Где-то за полчаса Николай узнал все, что думает Краддок о квесторе и префекте лично, что представляет собой знаменитый тринадцатый легион, с которым вскоре надлежит соединиться, и какой недоношенный римский олух ведет его вглубь чужой земли без поддержки.
– Кого они собрались наказывать? – кипятился гэлл. – Варваров, что стреляют без промаха из седла, или себя самих за упрямство и глупость?
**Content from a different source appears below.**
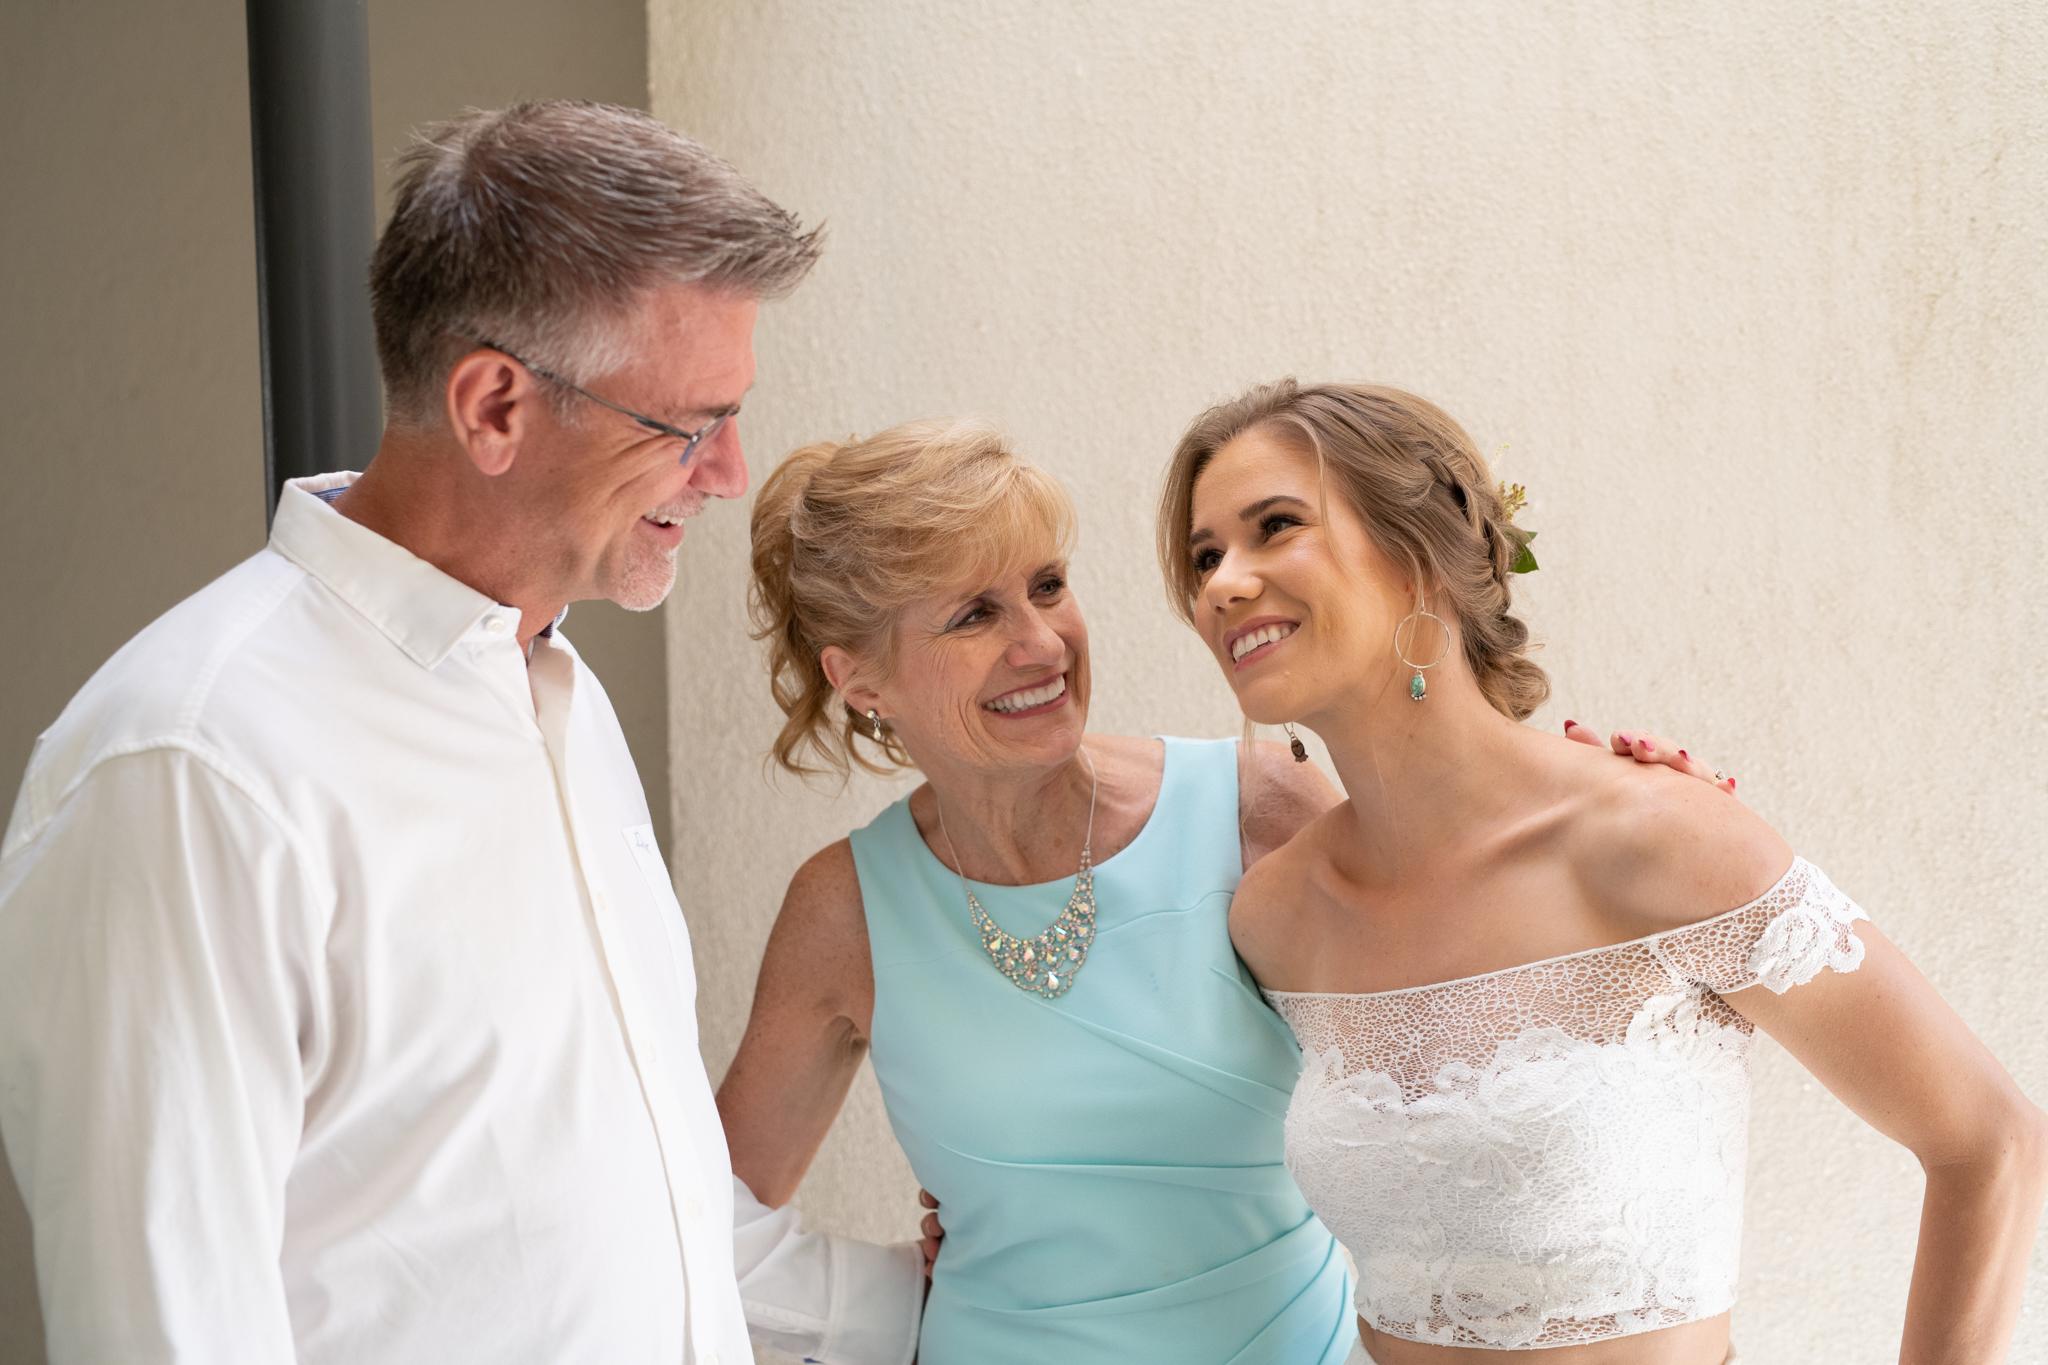 05_PRVW_Jenny_Ken_Wedding_Trevor_Hooper_Photo.jpg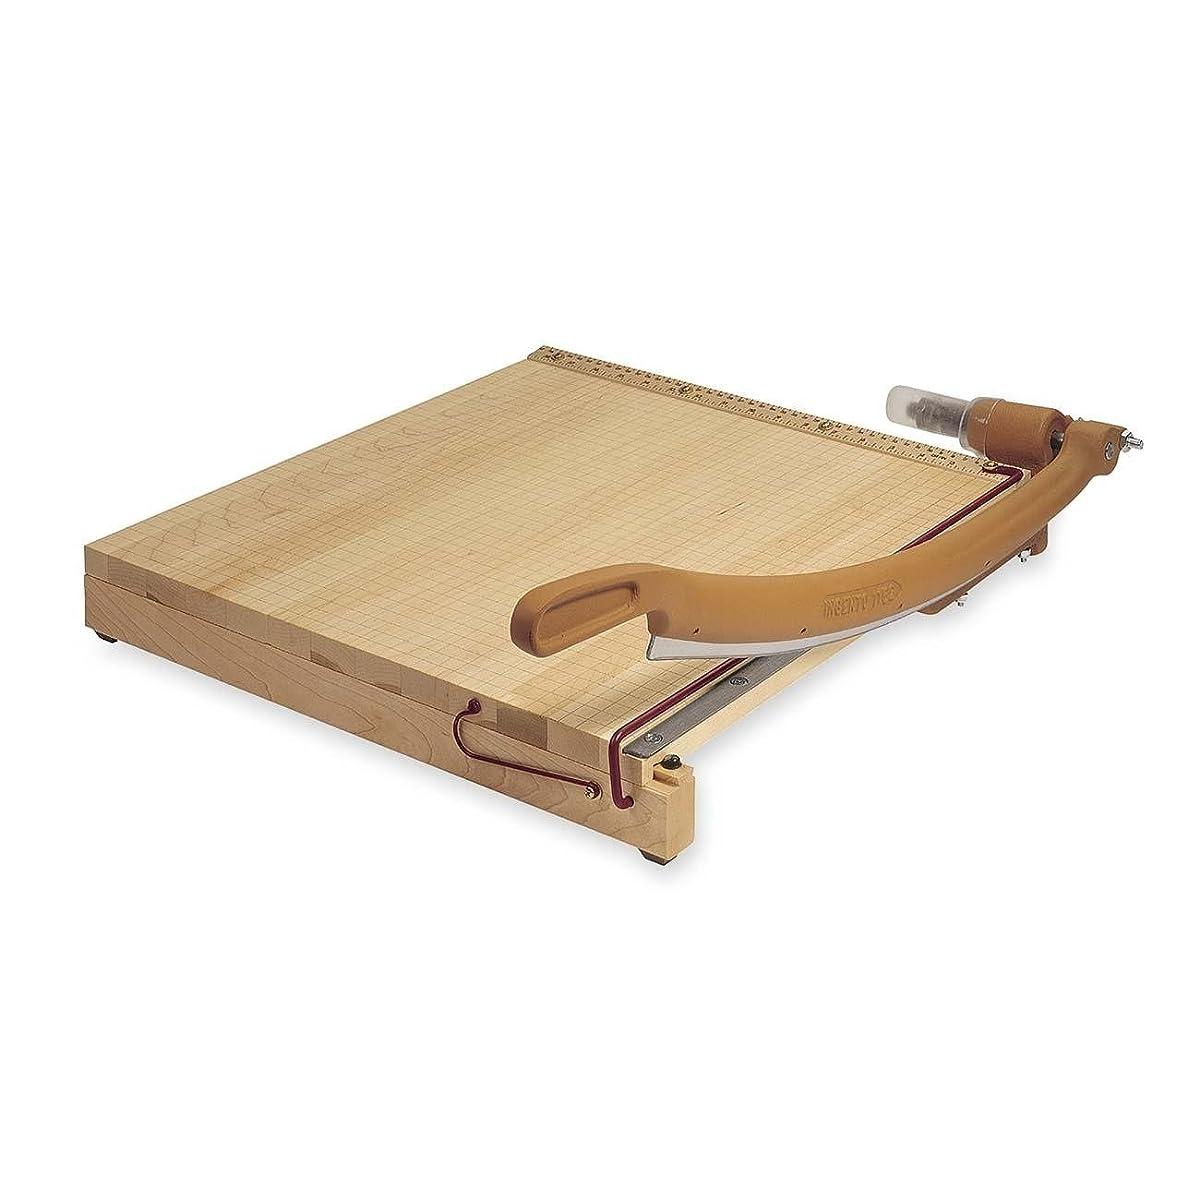 "Swingline Paper Trimmer / Cutter, Guillotine, 24"" Cut Length, 15 Sheet Capacity, ClassicCut Ingento (1162)"

– Да тише ты! – не выдержав, ткнул его в бок Николай. – Хочешь разбудить Стенолома или еще кого из центурионов? Они же тебе за такие слова… Лучше скажи: ты не чувствуешь, что вокруг творится?
Ощущение смерти, бродившей весь день где-то рядом, теперь лишь усилилось вместе с дыханием близкой грозы. Коротко и бесшумно сверкнула первая молния – будто оскалился хищник в засаде. Странный низовой туман потянулся с речного берега, щебет нечеловеческих голосов заполнил быстрины и плесы.
Внезапный храп Краддока, так и не ответившего на вопрос, раздался в унисон заупокойному хору. Вот вам и хваленое гэлльское чувство магии, а ведь о нем в войсках легенды ходили! Или, может, отпетому шарлатану Николаю Варге с устатку мерещится всякое? Сомнений не стало, как только начали исчезать дозорные. Один из них прямо на глазах обмяк и тяжело рухнул в туман.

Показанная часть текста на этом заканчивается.